Available data section start
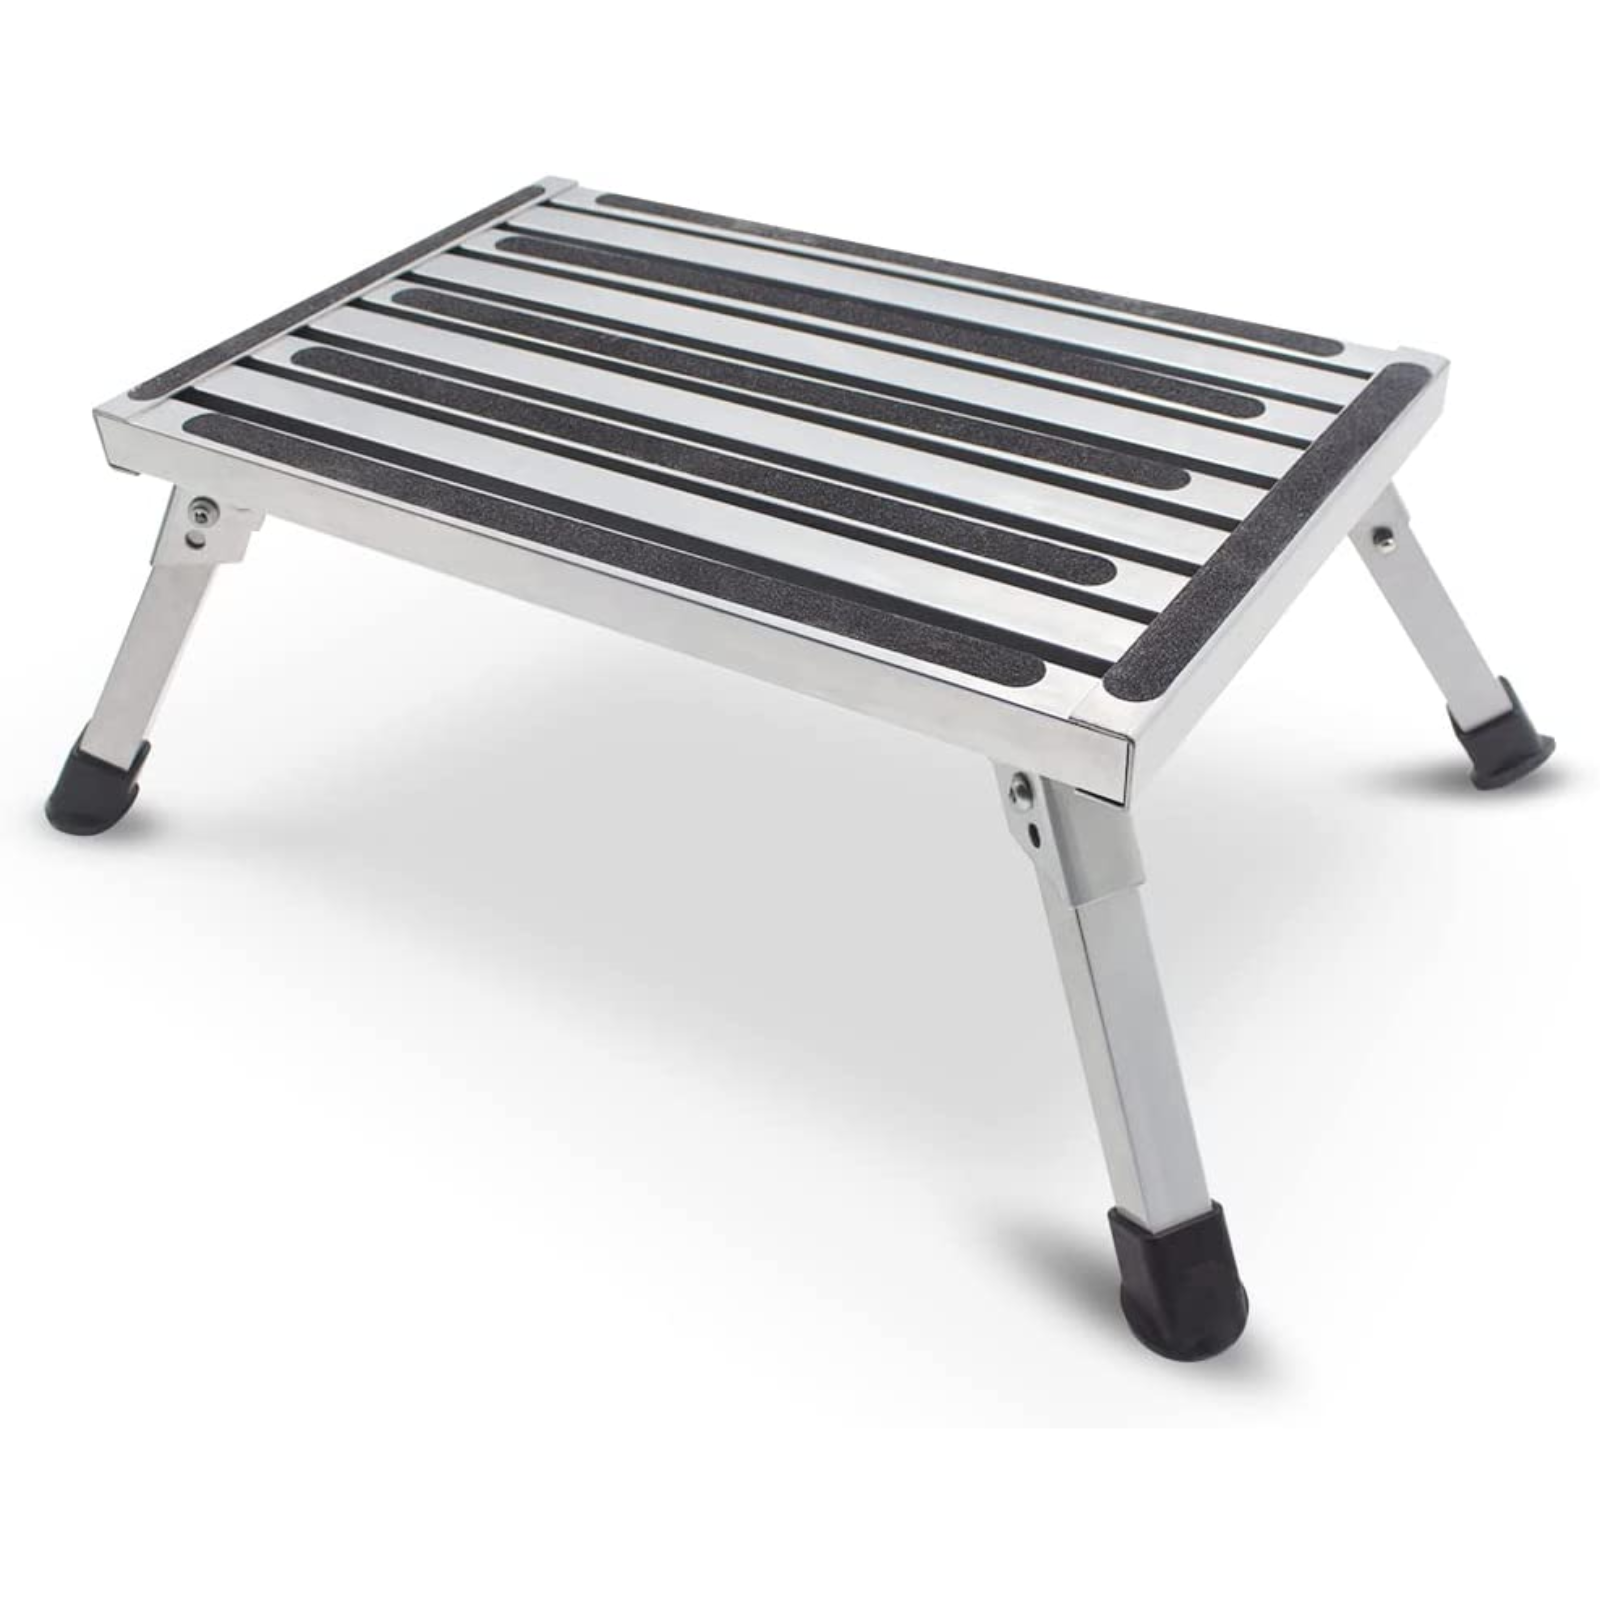 BESTOOL RV Steps | RV Step Stool Steel Folding Platform Step with Non-Slip Rubber Feet | Durable Construction | 15" x 10", Supports Up to 330 lb
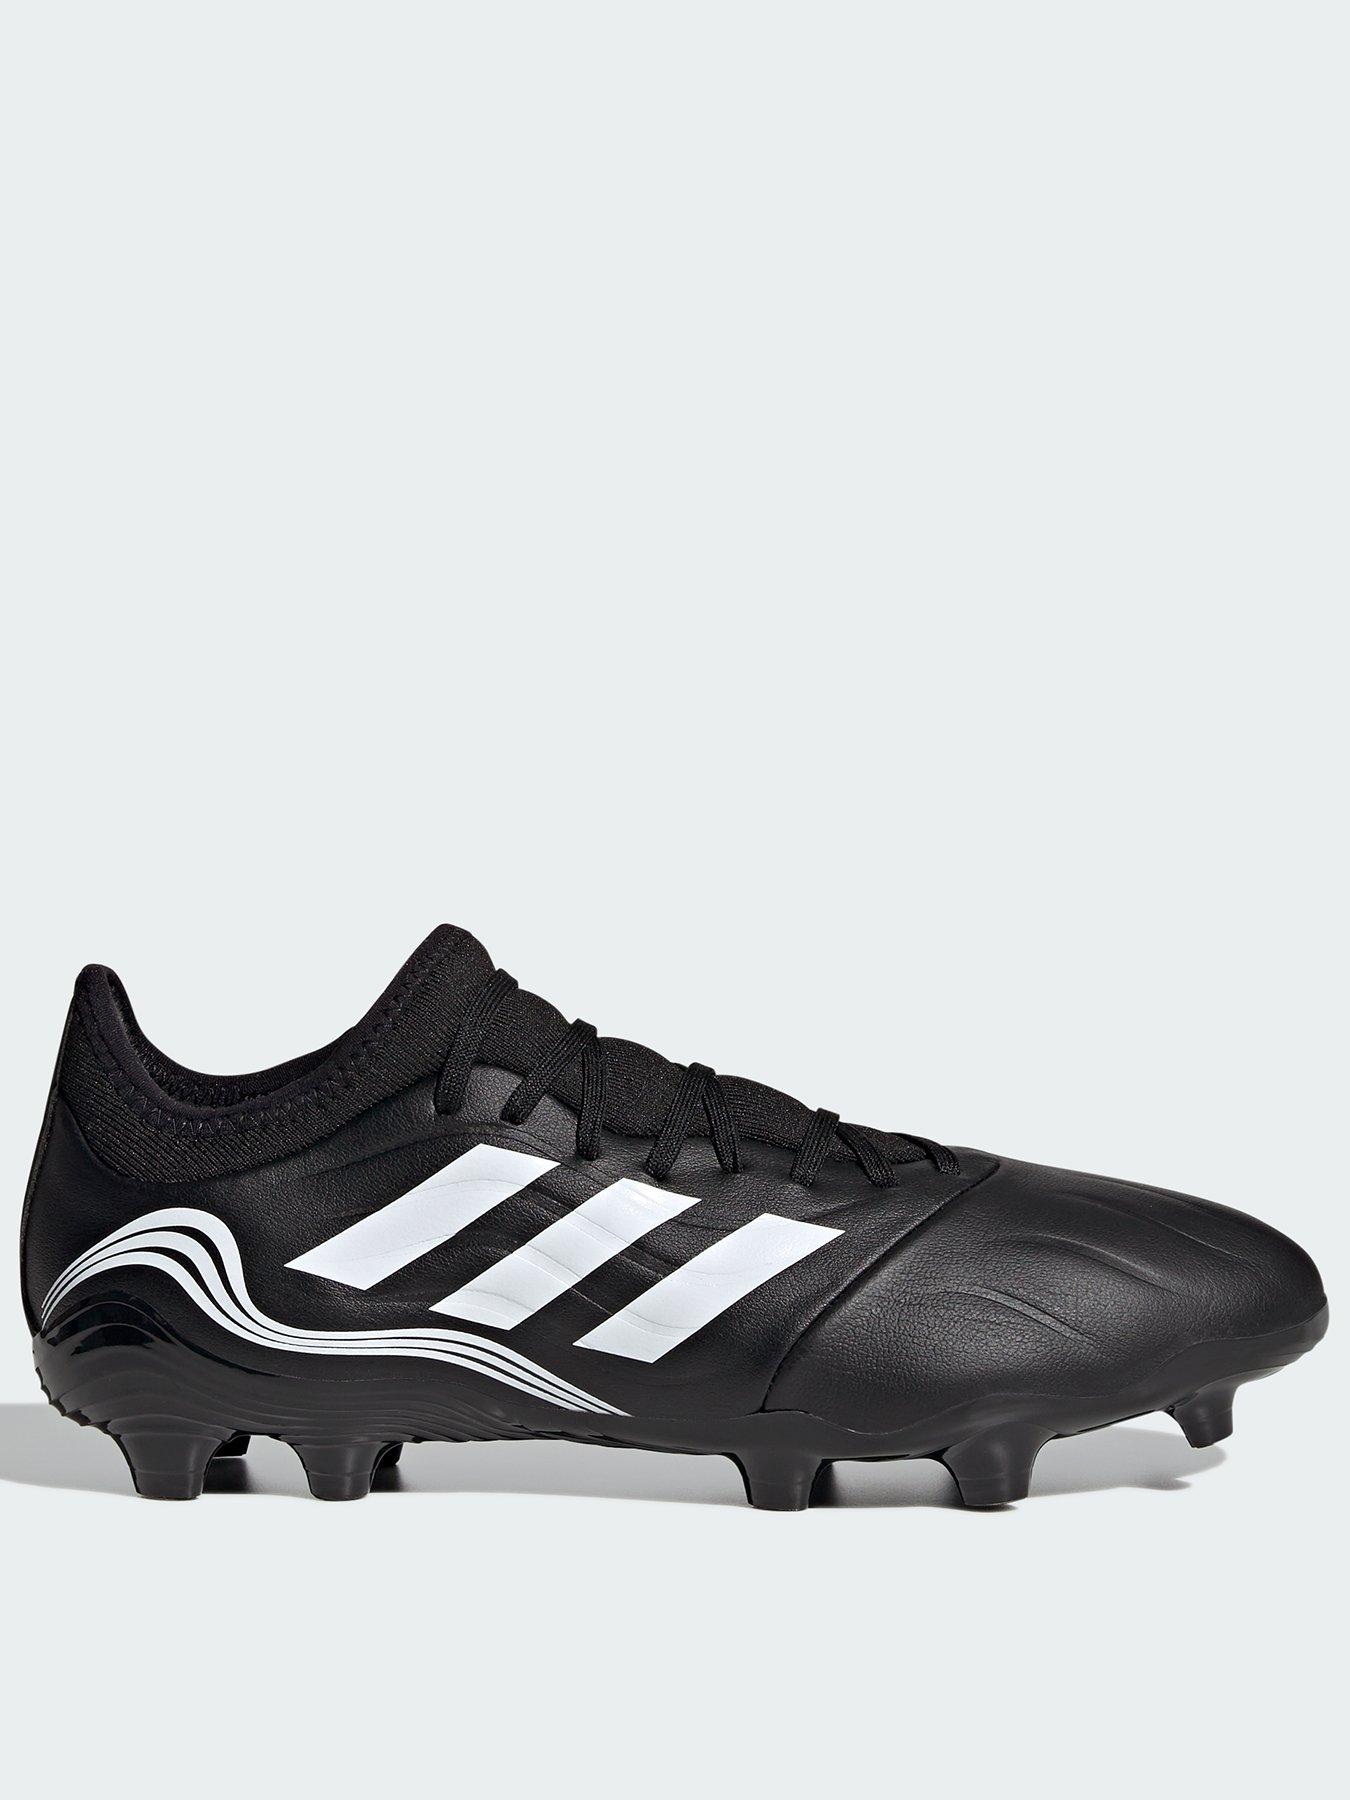 adidas Copa | Football boots | Mens sports shoes | Sports & | www.very.co.uk
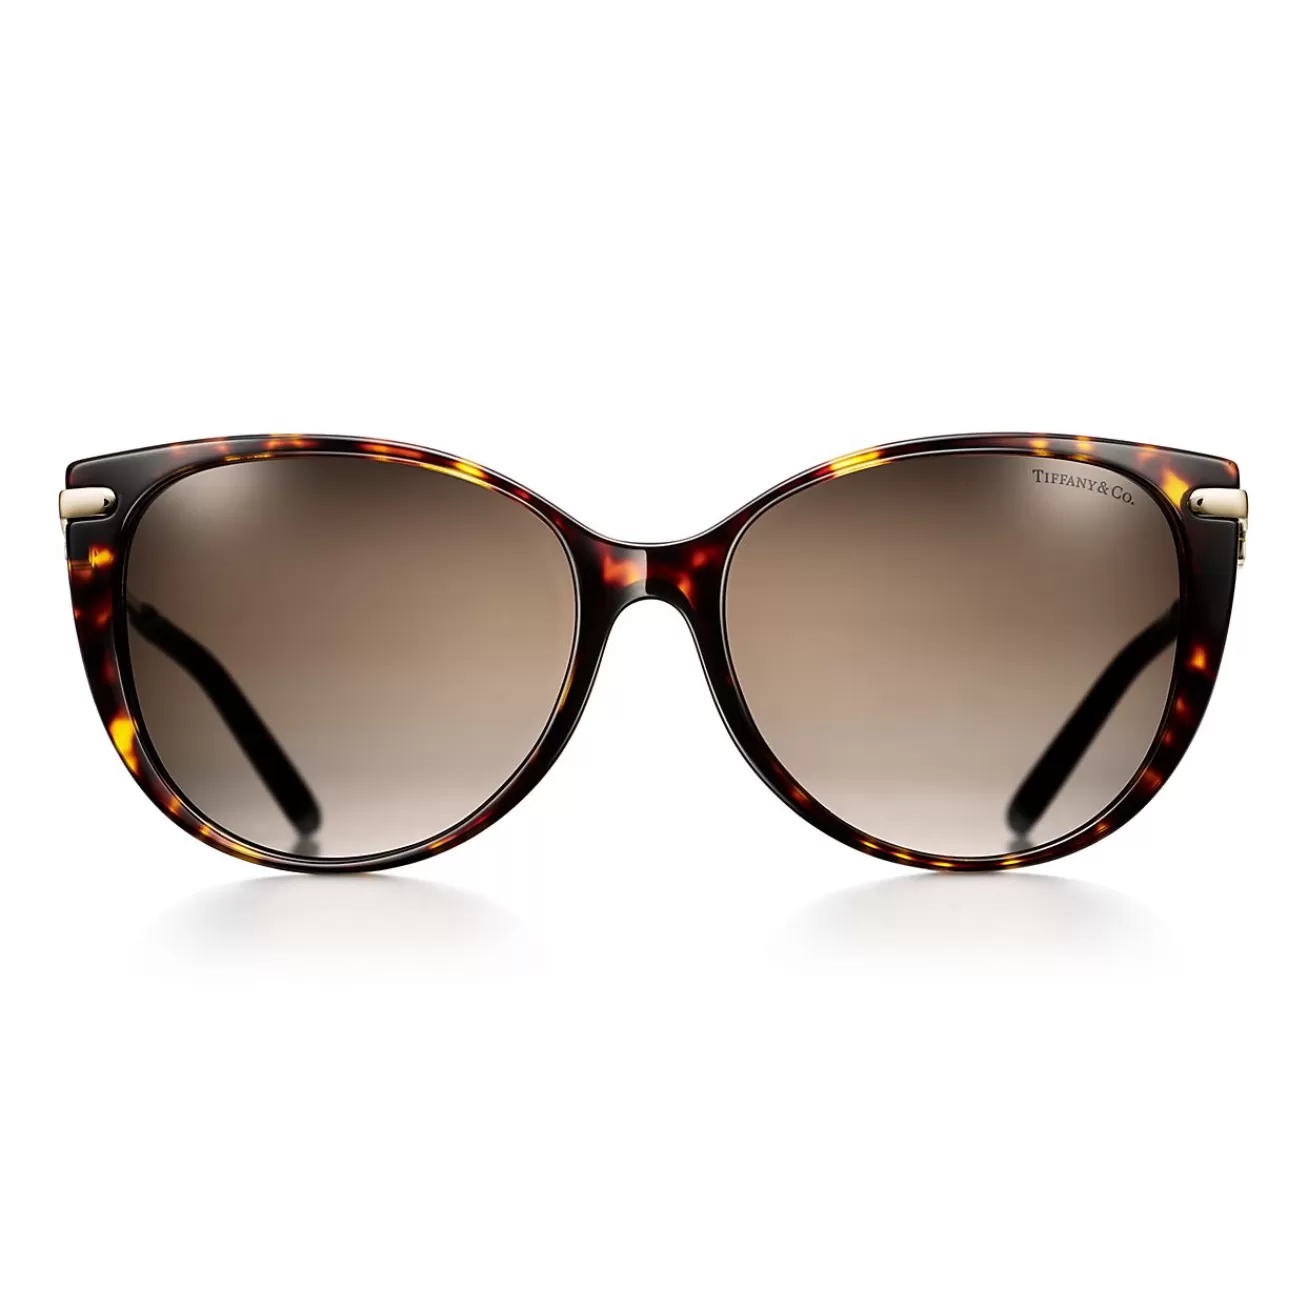 Tiffany & Co. Tiffany T Cat Eye Sunglasses in Tortoise Acetate with Mother-of-pearl | ^ Tiffany T | Sunglasses
Available data section end
Activity - Please reproduce the lines above from the one containing "adidas Copa |" through the final line, exactly and inclusively, leaving out each picture.

Answer for the task -
 adidas Copa | Football boots | Mens sports shoes | Sports & | www.very.co.uk
 Tiffany & Co. Tiffany T Cat Eye Sunglasses in Tortoise Acetate with Mother-of-pearl | ^ Tiffany T | Sunglasses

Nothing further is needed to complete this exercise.